Le président américain a signé, jeudi, un décret visant à limiter la protection dont bénéficient les services comme Twitter et Facebook.
Donald Trump est passé à l’acte, jeudi 28 mai. Ulcéré par la décision de Twitter d’ajouter un lien à deux messages publiés mardi qui spécifiait qu’il avançait des contre-vérités à propos de la fiabilité du vote par correspondance, le président des Etats-Unis a signé un décret exécutif qui invite les agences fédérales concernées à réexaminer la pierre angulaire sur laquelle se sont développés les réseaux sociaux. Il s’agit de la section 230 (c) de la Communications Decency Act, une loi de 1996, qui prévoit que les sites et services qui permettent aux internautes de publier des messages ne sont pas directement responsables de ces messages.
« Ils ont le pouvoir non contrôlé de censurer, éditer, dissimuler ou modifier toute forme de communication entre des individus et de larges audiences publiques. Il n’y a pas de précédent dans l’histoire américaine qu’un si petit nombre de sociétés contrôlent une si grande sphère d’interaction humaine », a pesté le président des Etats-Unis à propos des mastodontes des réseaux sociaux. La charge est paradoxale puisque l’ancien homme d’affaires a bâti en partie sa carrière politique sur un usage effréné de Twitter. Son compte est suivi aujourd’hui par plus de 80 millions d’abonnés.
Un geste pour l’instant surtout politique
Le geste est potentiellement dévastateur, mais il reste pour l’instant surtout politique. Rien ne dit en effet que les agences concernées qui sont théoriquement indépendantes, la Federal Communications Commission et la Federal Trade Commission, choisissent d’obtempérer. Comme de nombreux décrets présidentiels signés par Donald Trump, celui paraphé jeudi est aussi la garantie d’un intense combat juridique en l’absence d’un soutien clair du Congrès. Ce dernier est difficilement envisageable à propos d’un sujet aussi polémique compte tenu de la polarisation politique.

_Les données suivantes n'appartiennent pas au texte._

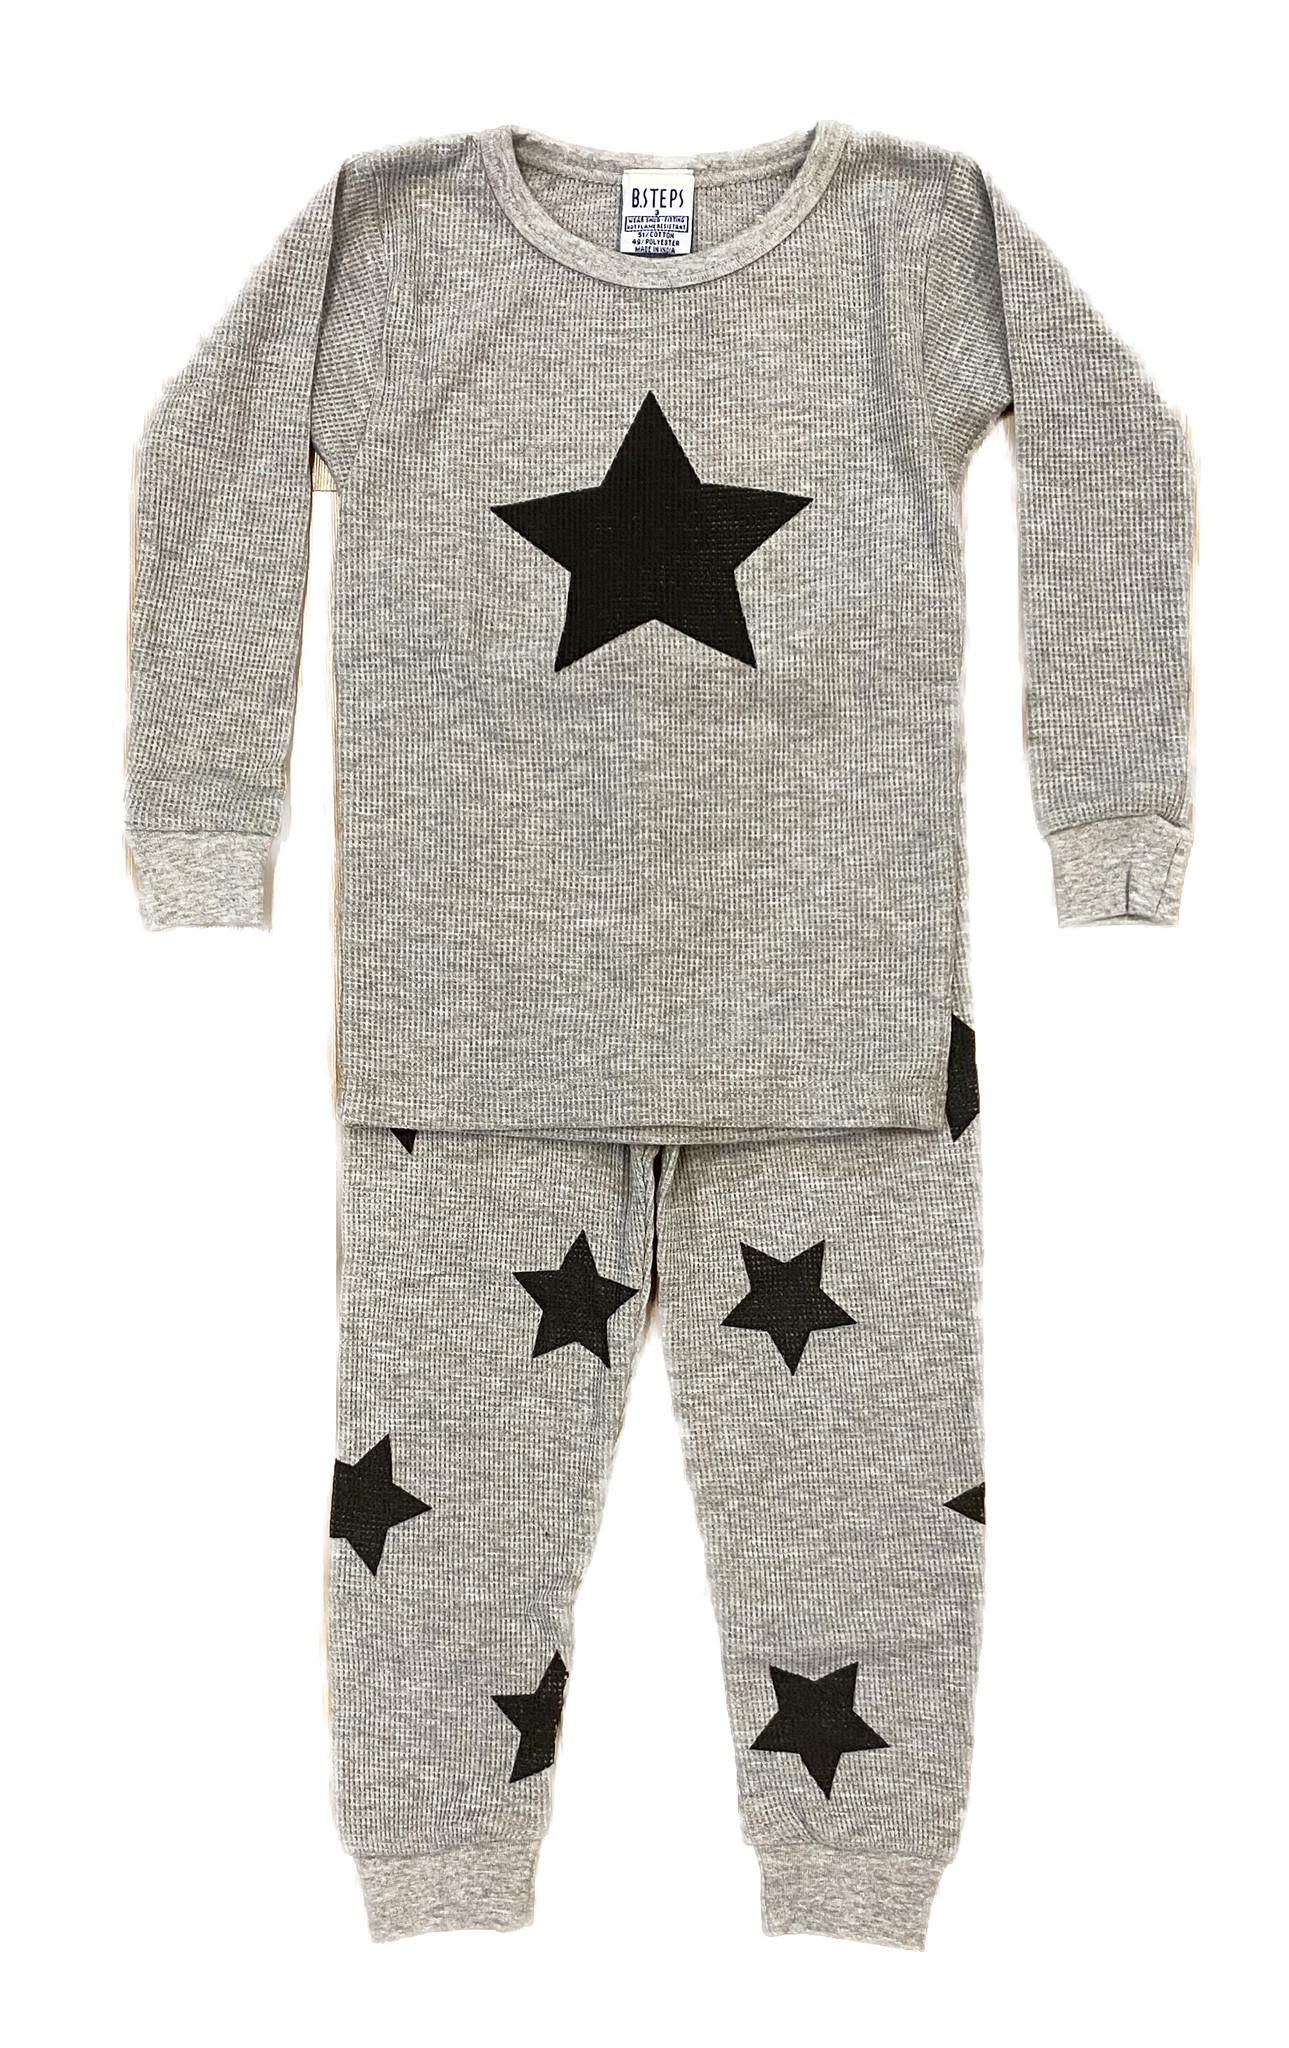 Baby Steps Heather Grey Star Thermal Infant PJ Set

Les hostilités devraient être accentuées par la proximité de l’élection présidentielle. Des démocrates se sont indignés jeudi d’une tentative d’intimidation de Twitter considéré de longue date comme défavorable aux conservateurs par ces derniers. Le camp des réseaux sociaux est tout aussi divisé puisque Mark Zuckerberg, le patron du géant Facebook, a pris ses distances avec l’initiative de Twitter, tout en exprimant ses plus grandes réserves par rapport à l’initiative de Donald Trump.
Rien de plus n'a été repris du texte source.